The bank leaders we spoke to are all sold on the idea of an open banking platform. An open banking platform would see banks make APIs available that external developers can use to create new applications and services. For example, a customer might give consent to an app to check the transaction history and build a predictive savings engine that would help the customer achieve financial planning goals, or a startup could create a dashboard service where a customer could look at all their financial information from multiple sources in one place. Those sorts of services would need banks to open up access via APIs to the bank customer’s data and use authentication APIs to ensure the customer’s consent had been given. Open banking platforms are expected in the next two to five years, but that is not the internal culture within their banks at the moment. You can see early steps that are being taken by banks to see that they were moving in that direction when they are ready: things like uptake in API definition formats like Swagger and RAML—which will make it easier for third party developers to understand an API when it is opened to them—and many banks are also sponsoring startups, innovation labs and hackathons. There’s a great-looking hackathon coming up from Emirates NBD for example. In a huge move [this March], Capital One has become the first major bank to create an open banking platform with their DevExchange. It’s a bold move way ahead of the other banks. Now BBVA and Sutor Bank are following that lead in Europe.
But overall, most banks are instead focusing on building internal APIs with a view to opening them up in the future—building the capabilities now so that they can pretty much flip a switch down the track and ensure security is in place to only let authenticated users have access. They are treating their internal developers like external developers. They are trying to build these kind of classy APIs that are attractive to users.
What will the API economy look like in five years?
That’s a tough one because we are still so very much at the start of what impact APIs will have, and five years in technology is a very long time! I’m most excited by Dion Hinchcliffe’s take on APIs: he reminds us that, according to ProgrammableWeb, there are only around 14,000 open APIs. Imagine a time when we only had 14,000 websites. Steve Sammartino made a similar comment in Melbourne at APIdays Australia recently when he mentioned that the car was only built 150 years into the industrial revolution, and API researcher at CA Technologies has said that in eight years, three-quarters of the S&P top 500 companies will be new businesses that you haven’t heard of yet. It means anyone can come along and create a viable business.
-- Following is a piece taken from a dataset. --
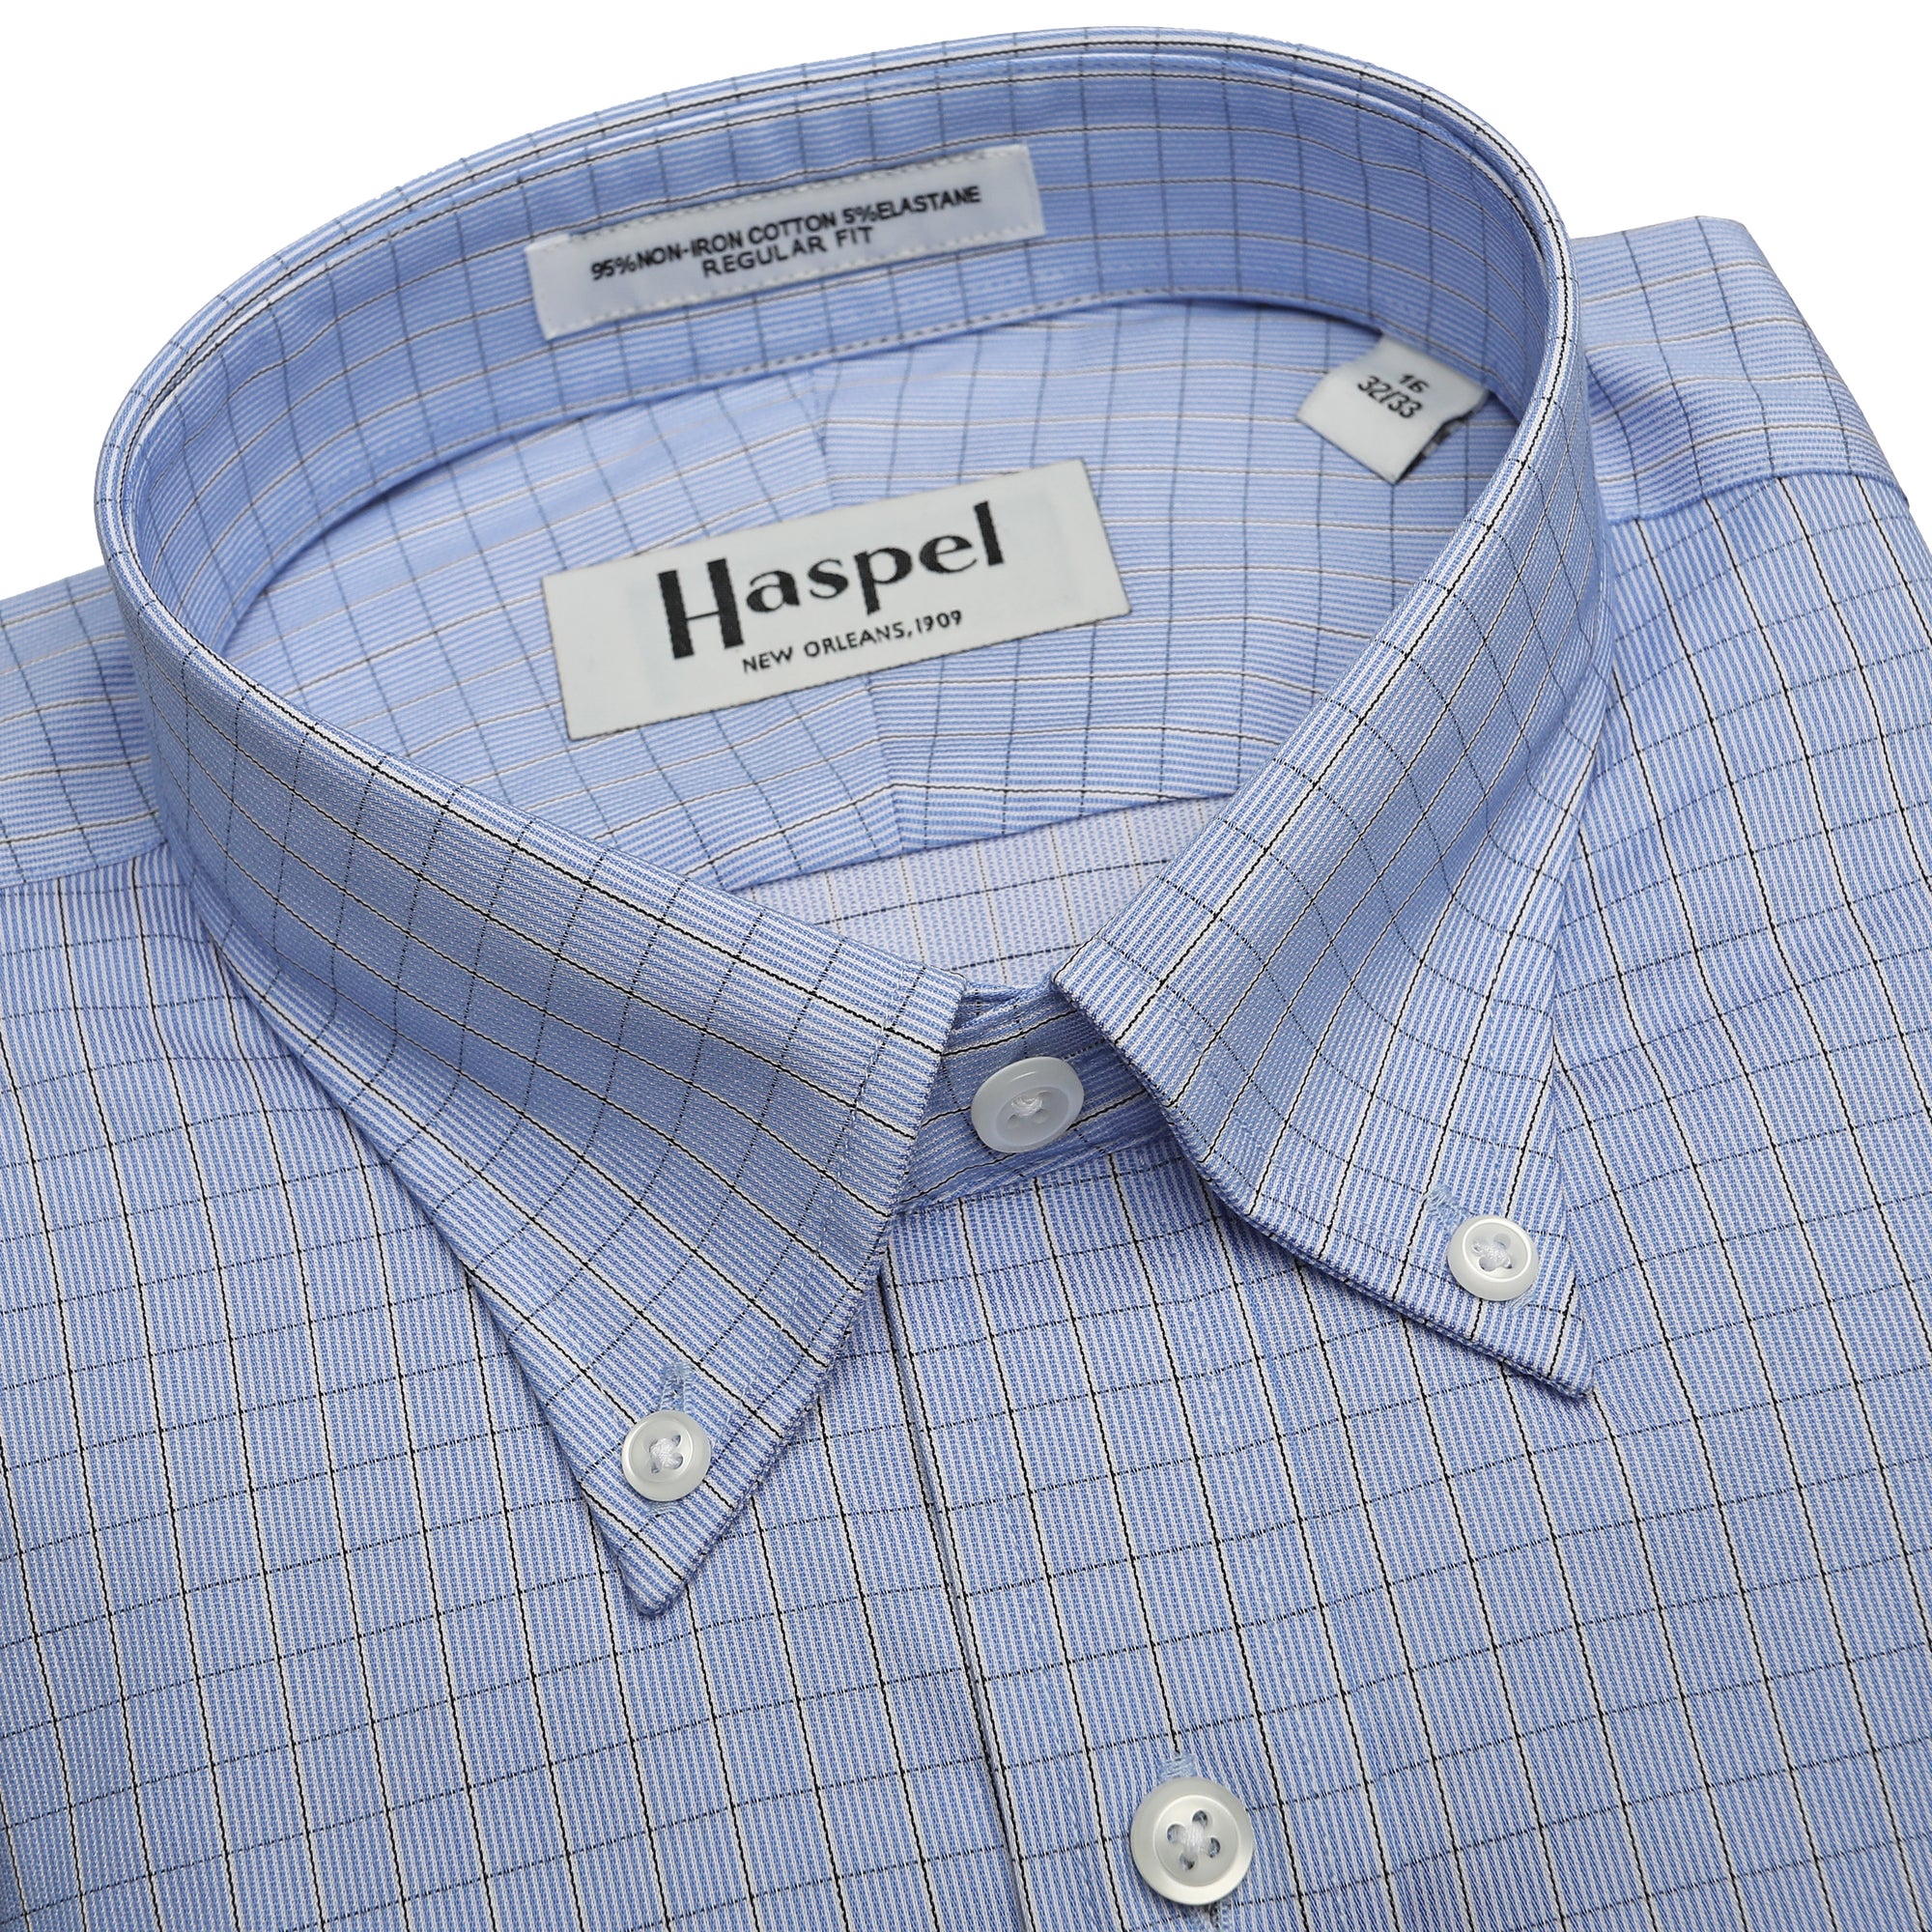 No hassle, only Haspel means no wasting time on multiple websites to complete your look. You can find all the classic men's dress shirts here that were carefully chosen to pair up with our unique, lightweight men's suits.  100% Imported Combed Cotton • 80's 2-Ply/Non-Iron Pinpoint Fabric • Button Down Collar • Long Sleeve, Button Cuff
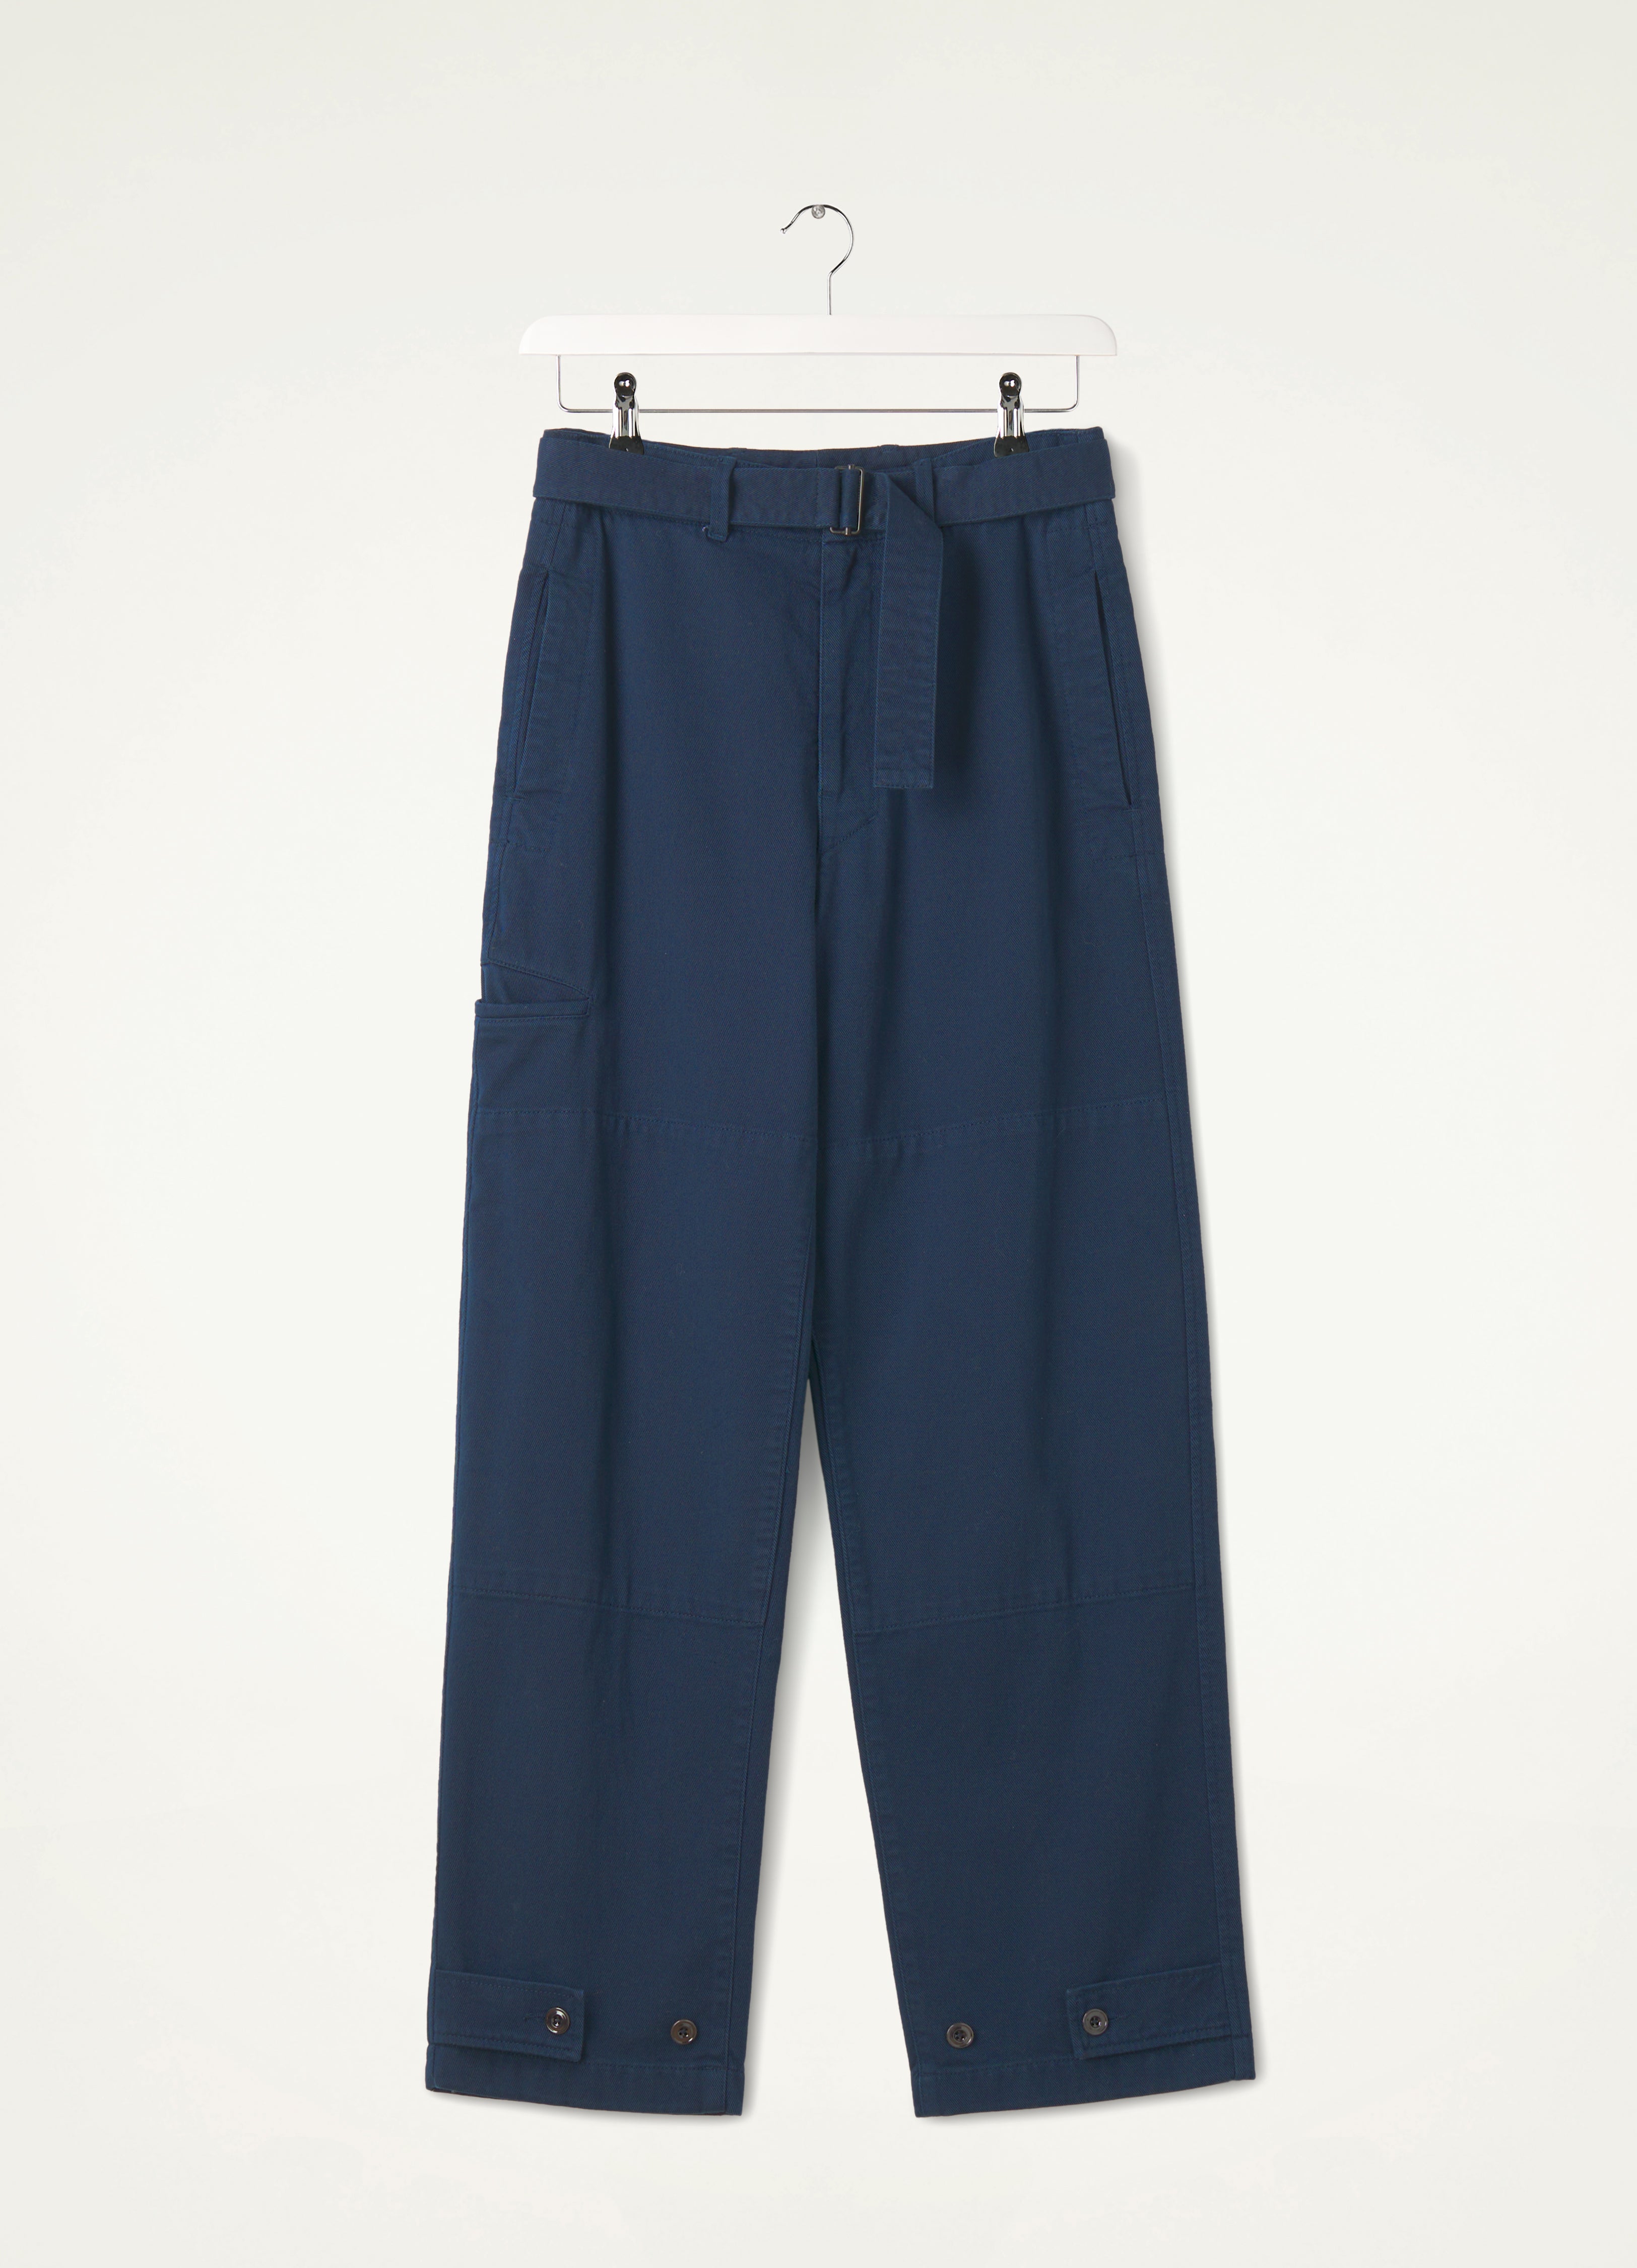 Lemaire Relaxed Pants - Black

We are still very much at the dawn of the API economy and the most exciting thing for me is that anyone can get in there and build market share and grow a real business. Some of the today’s strongest tech companies didn’t exist even five years ago, and APIs are helping accelerate that competition turnover and the impact of disruption. My hope is that in five years, the API economy will have been responsible for leveling the playing field and allowing a lot of new market entrants to emerge based on their knowledge, innovation, creativity and diversity, rather than the industry being locked down by existing powerful players who have the money and resources to keep new players out.
What advice do you want to offer developers to join the future of the API economy?
Dogfood your own APIs. That will show you the best practices fastest and give you ideas about API design best practices from the user’s point of view.
What are your three favorite apps? (Not the ones you like the most, the ones you really use the most.)
I use Evernote, Google Drive, Dropbox, Sunrise, Ulysses, Slack, Skype, Pocket and Spotify pretty much daily. Out of those I would say Spotify, Evernote and Ulysses are my favorites, if you really just want three.
Who is the must-follow, undercover API expert?
I would keep an eye on the blog at Capital One DevExchange, they are really leading the thinking around how to implement open banking platforms. I also love @JackGavigan Jack Gavigan’s blog for a European and UK perspective.